Recombinant antibody therapeutics are moving to a next generation of products, according to a keynote address by Ronald Levy, M.D., given at IBC's recent meeting held in San Diego, "Antibody Engineering and Therapeutics."
Dr. Levy is a professor of medicine at Stanford, and was responsible for one of the early successes of antibody therapeutics. In 1982 he and his colleagues reported successful treatment of a chemotherapy-refractory patient with low-grade follicular lymphoma using high doses of anti-idiotypic monoclonal antibodies.
This strategy takes advantage of the fact that certain tumors of the immune system display antibody molecules on their surface, and these antibody molecules possess unique CDR regions against which antibodies can be produced. In this case a murine anti-idiotypic antibody was injected into the patient, resulting in a complete remission.

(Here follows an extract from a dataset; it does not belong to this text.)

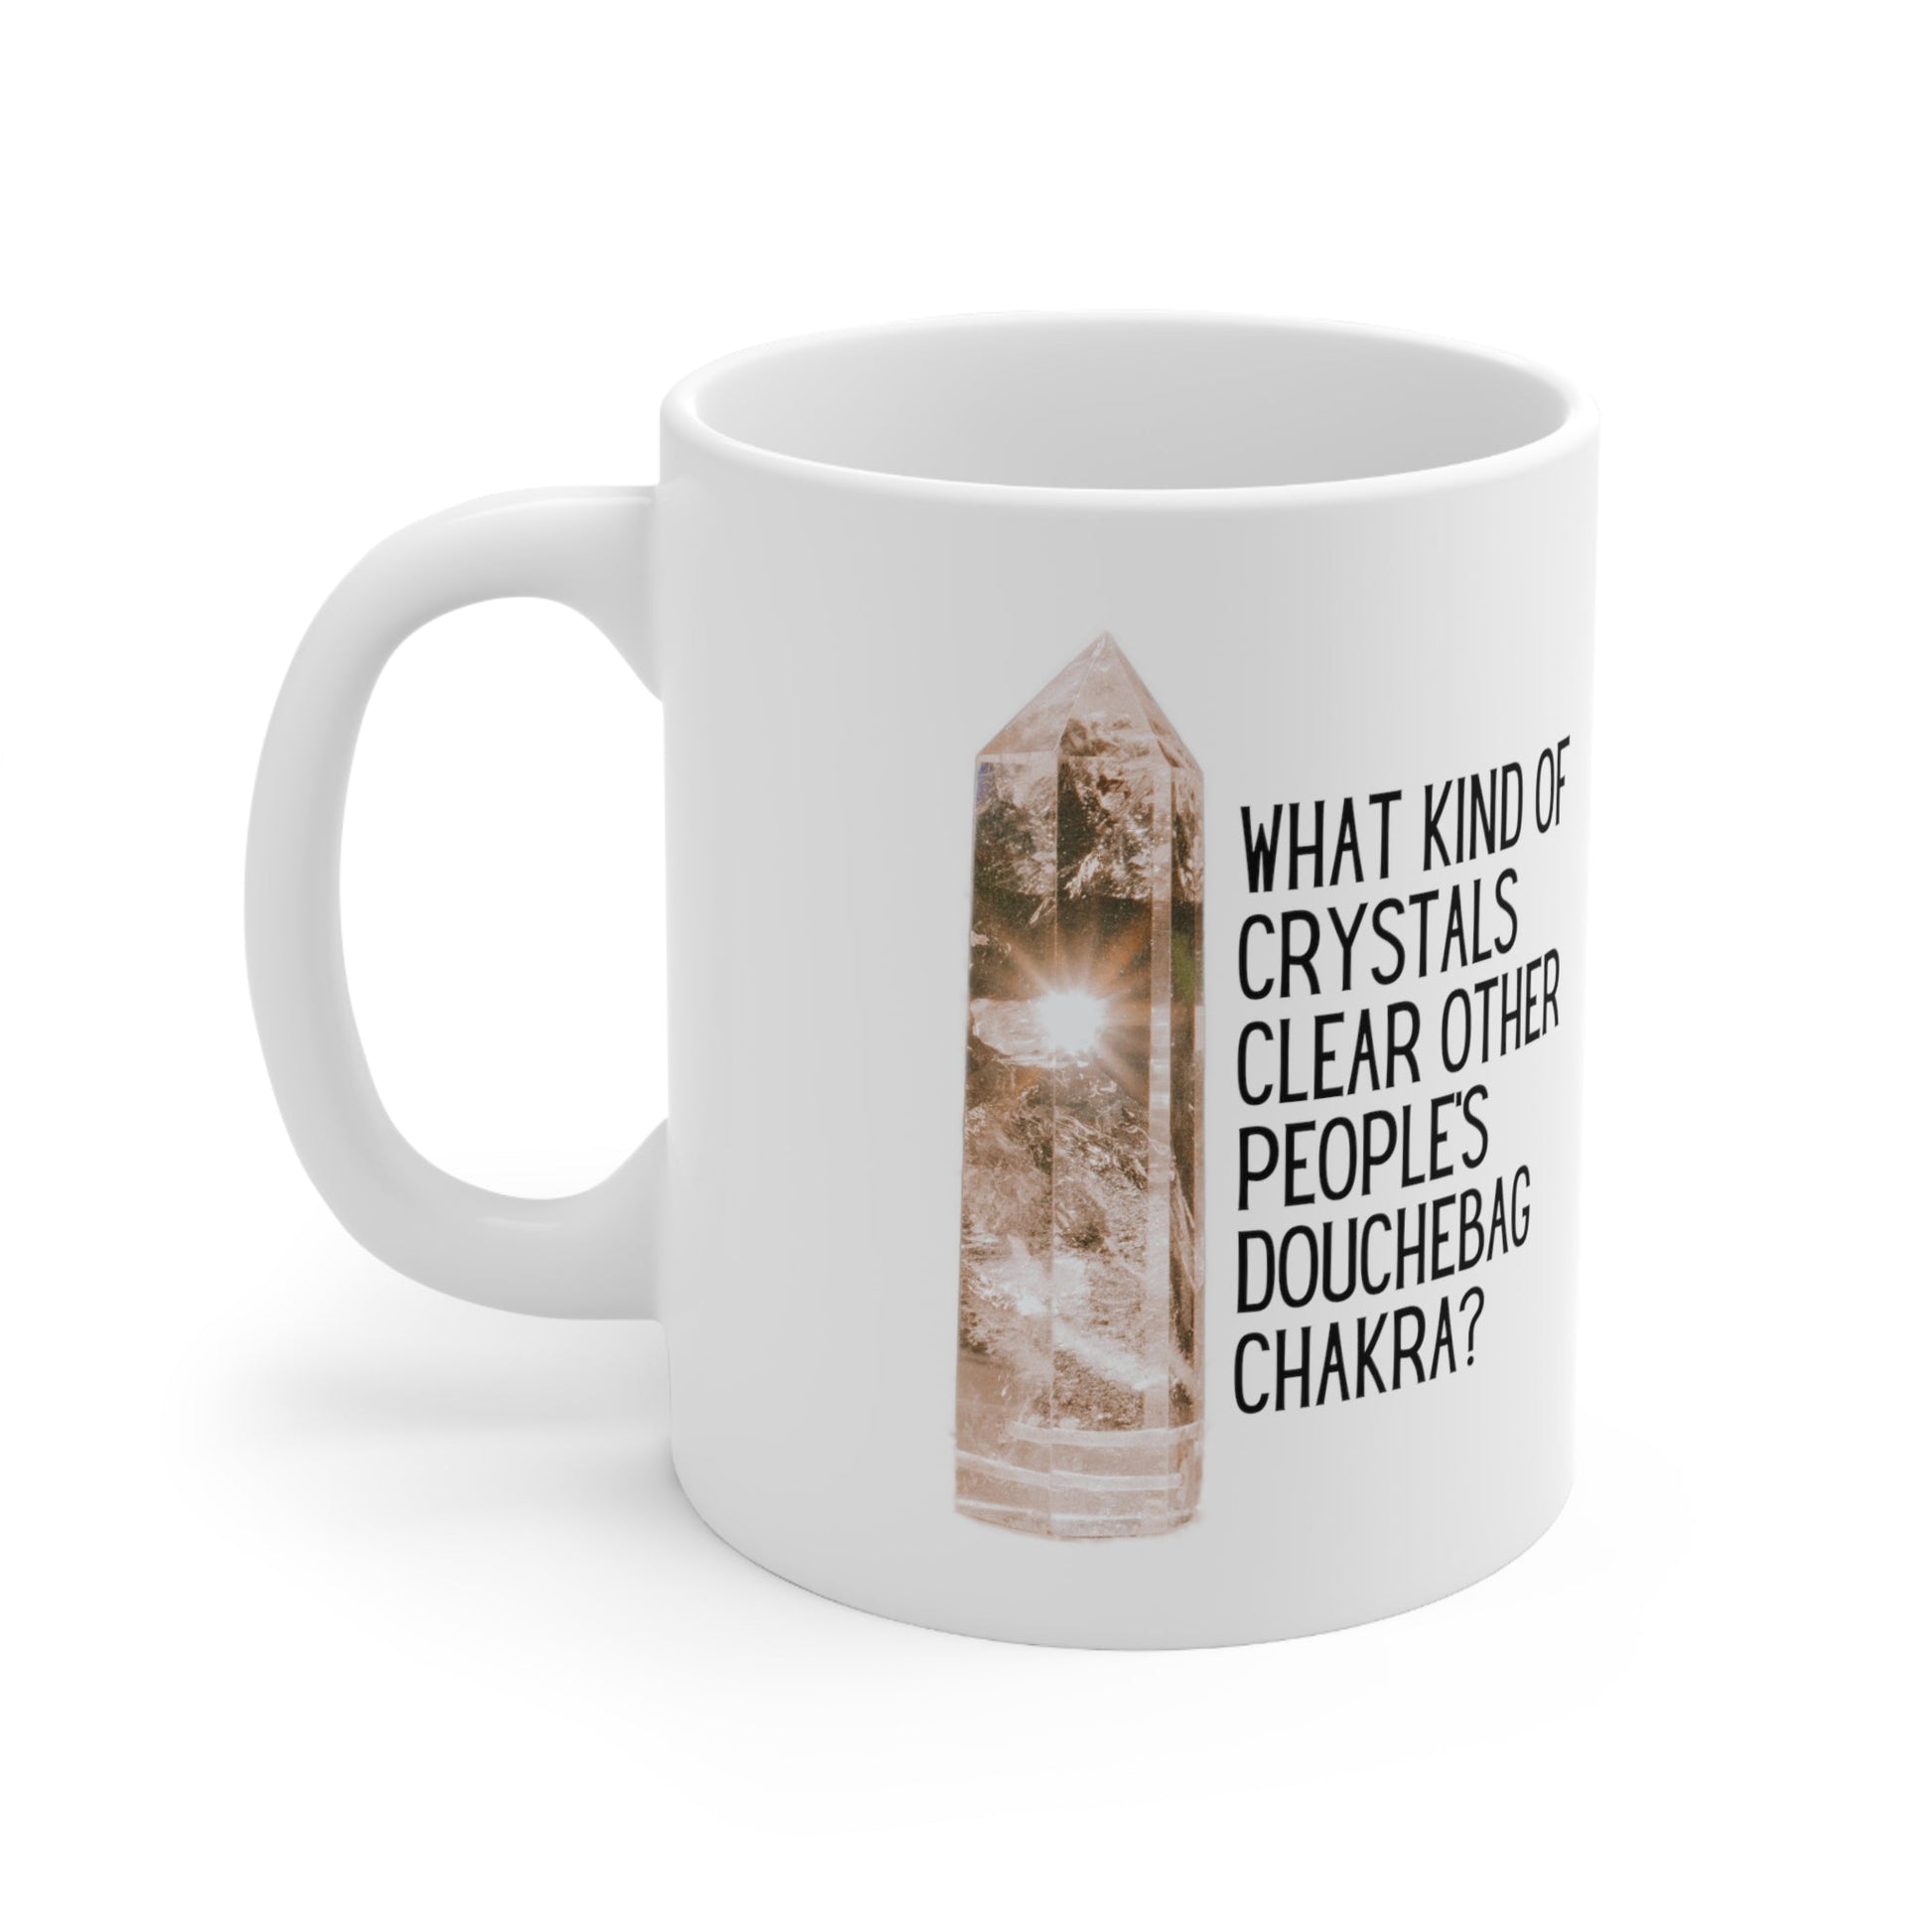 What Kind of Crystals Clear Other People's Douchebag Chakra Ceramic Mug 11oz

The mechanism of action was unknown at the time, and apparently involved activation of immune networks that provided the patient with long-term protection, long after the antibody was eliminated from the patient's circulation.
This early success was a bright light in a dark period of anticancer antibody development, at a time when few positive results were observed in antibody trials, and the business and scientific communities were expressing a pessimistic view of the technology.

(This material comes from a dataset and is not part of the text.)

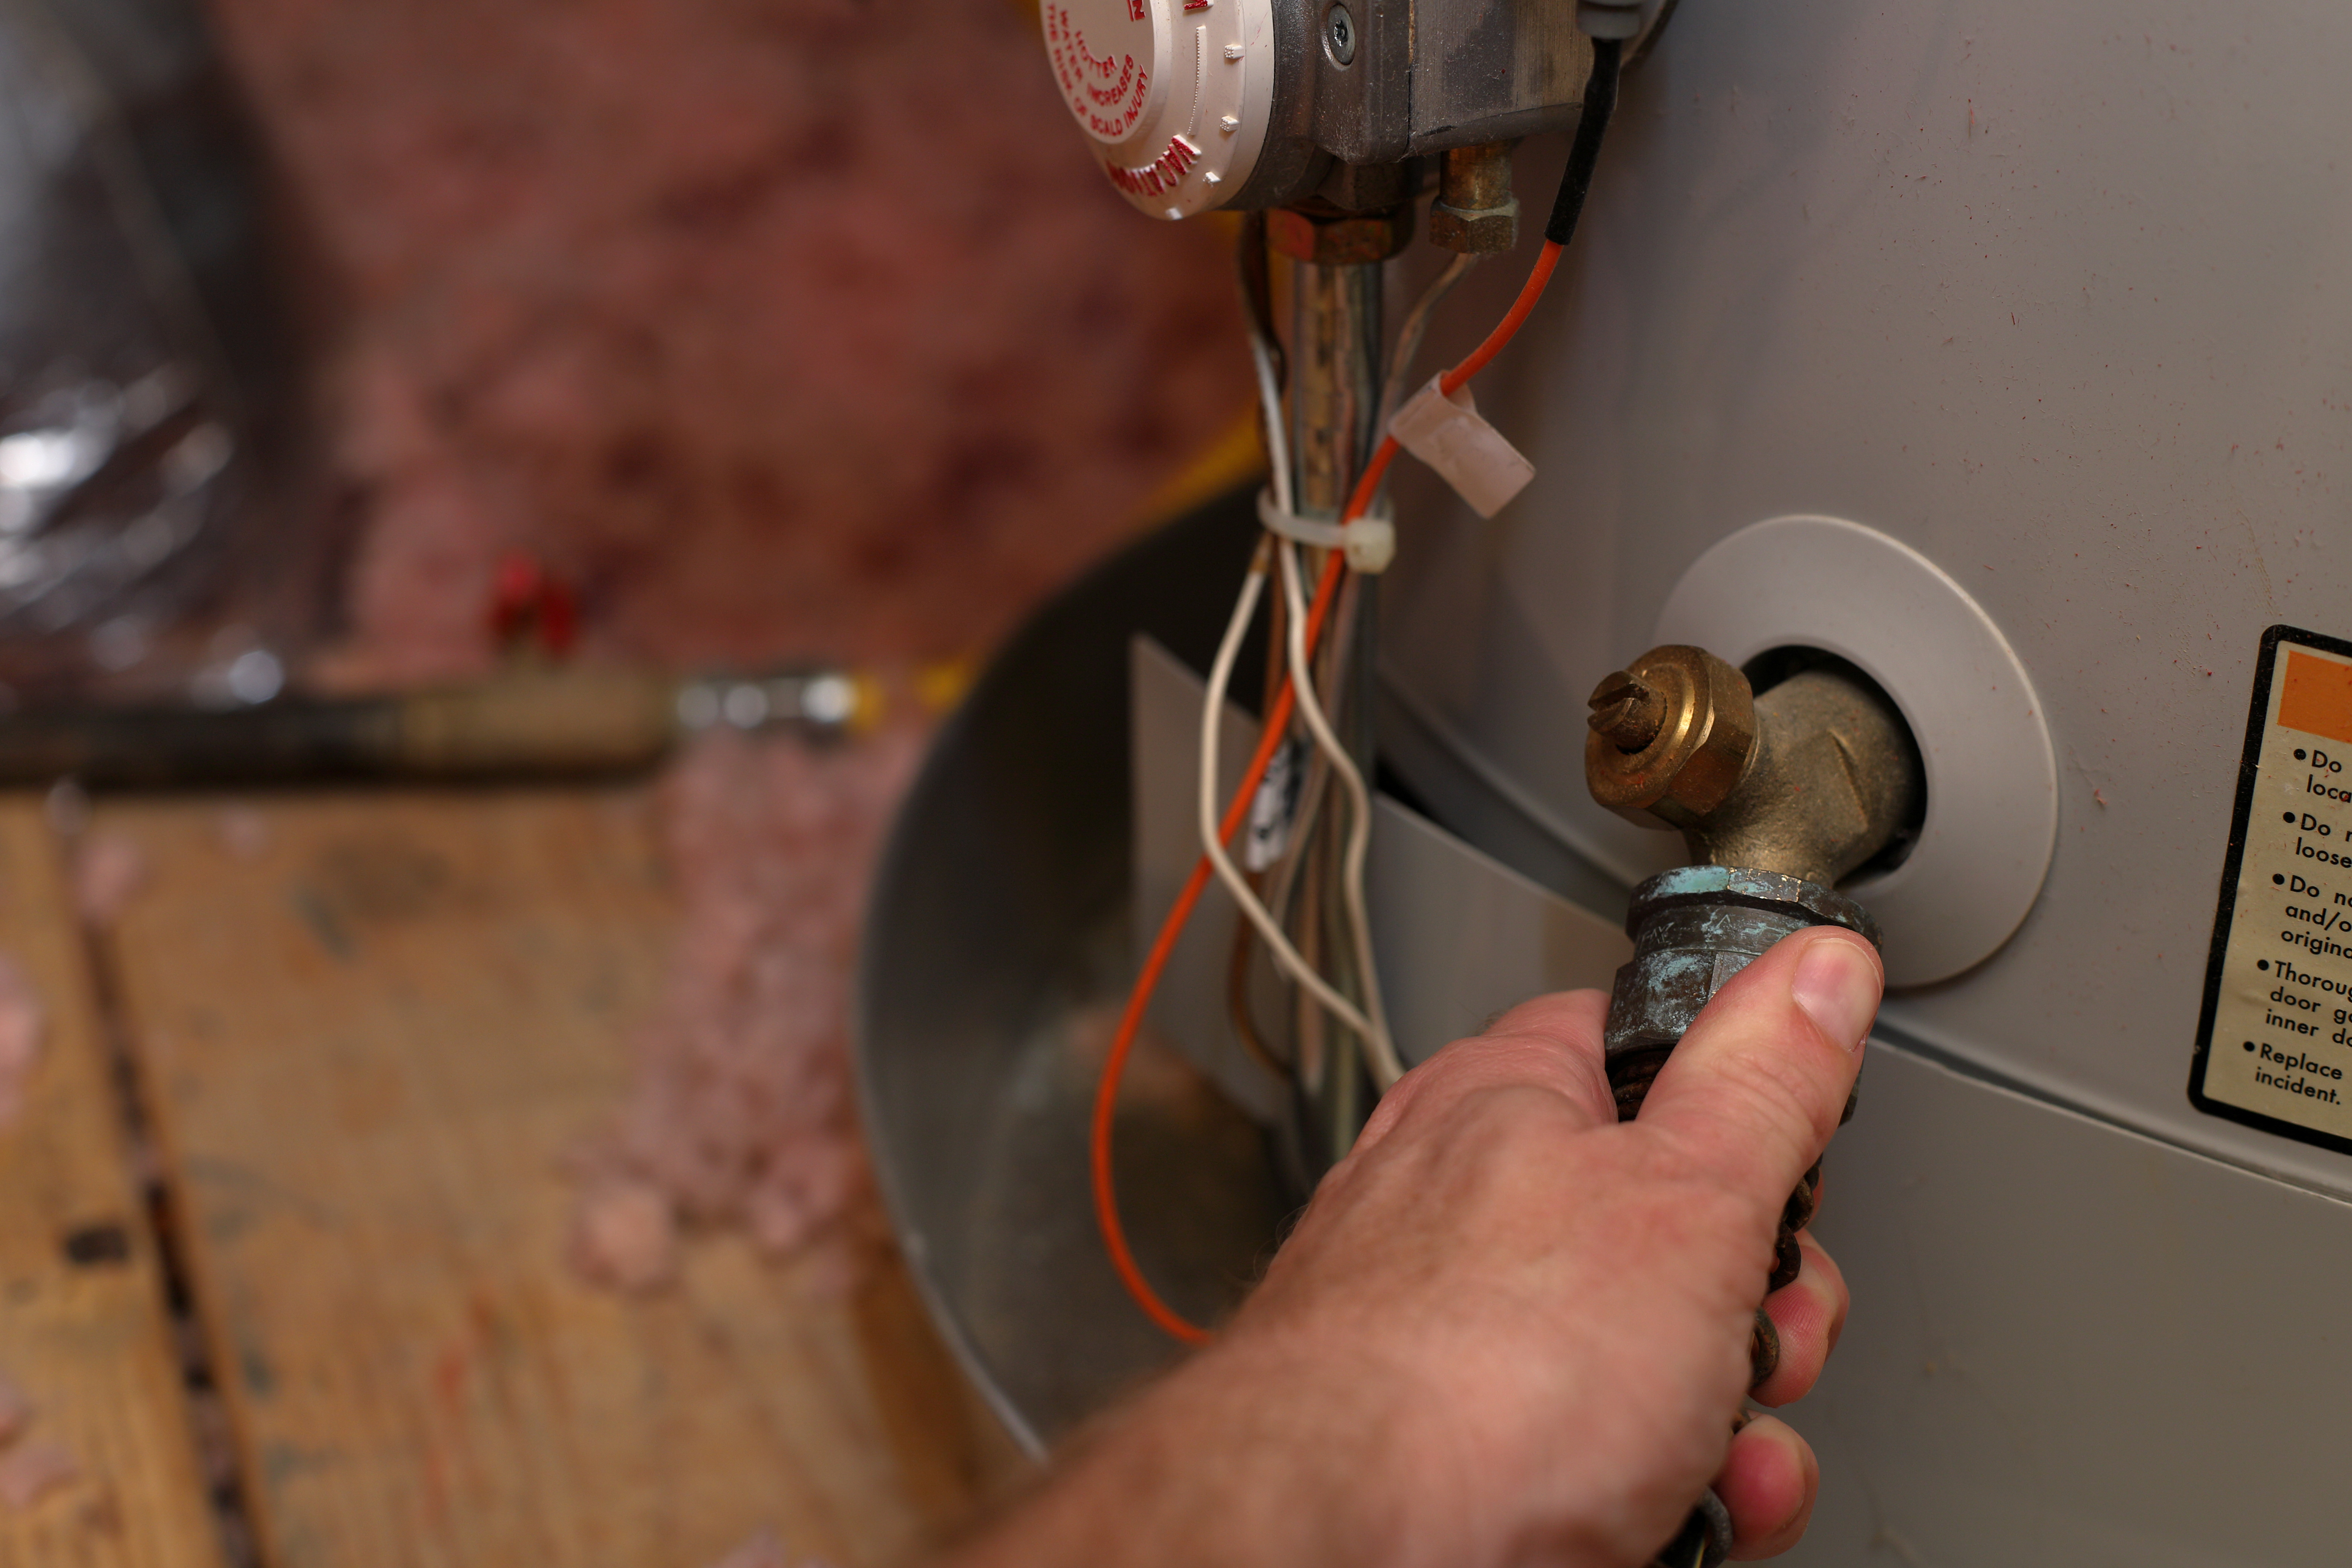 A Troubleshooting Guide for Common Problems With Air Conditioners, Heaters, and Water Heaters

The introduction of recombinant antibody technologies and the development of human and humanized antibodies in the late 80s and 90s have moved many products through clinical trials and into the marketplace. Now the early successes are being followed by a new generation of improved products, as Dr. Levy discussed in the case of Genentech's Rituxan.
This antibody is approved for the treatment of B-cell lymphomas, and is directed against the CD20 protein, present on the surface of >95% of B cell lymphomas. In a clinical trial, a 48% overall response rate was achieved.
Today, Rituxan is used alone or in combination with a number of different chemotherapeutic treatments. When combined with fludarabine or fludarabine and cyclophosphamide, a high frequency of complete responses and prolonged progression-free survival are observed without significant toxicity.
However, many basic questions remain, including the critical issue of why only a certain subset of patients respond to the drug. One possible mechanism of action of Rituxan is through the mediation of natural killer cells and macrophages. This entails the binding of the Rituxan antibody to the FcgR II A and FcgR III A receptors.
Dr. Levy and his colleagues have determined that a genetic polymorphism exists for the receptor, and that different mutations carried in the general population dramatically increase chances for a favorable outcome. This means that by identifying important binding motifs it is possible to modify the antibody so it shows binding to a larger array of receptor phenotypes.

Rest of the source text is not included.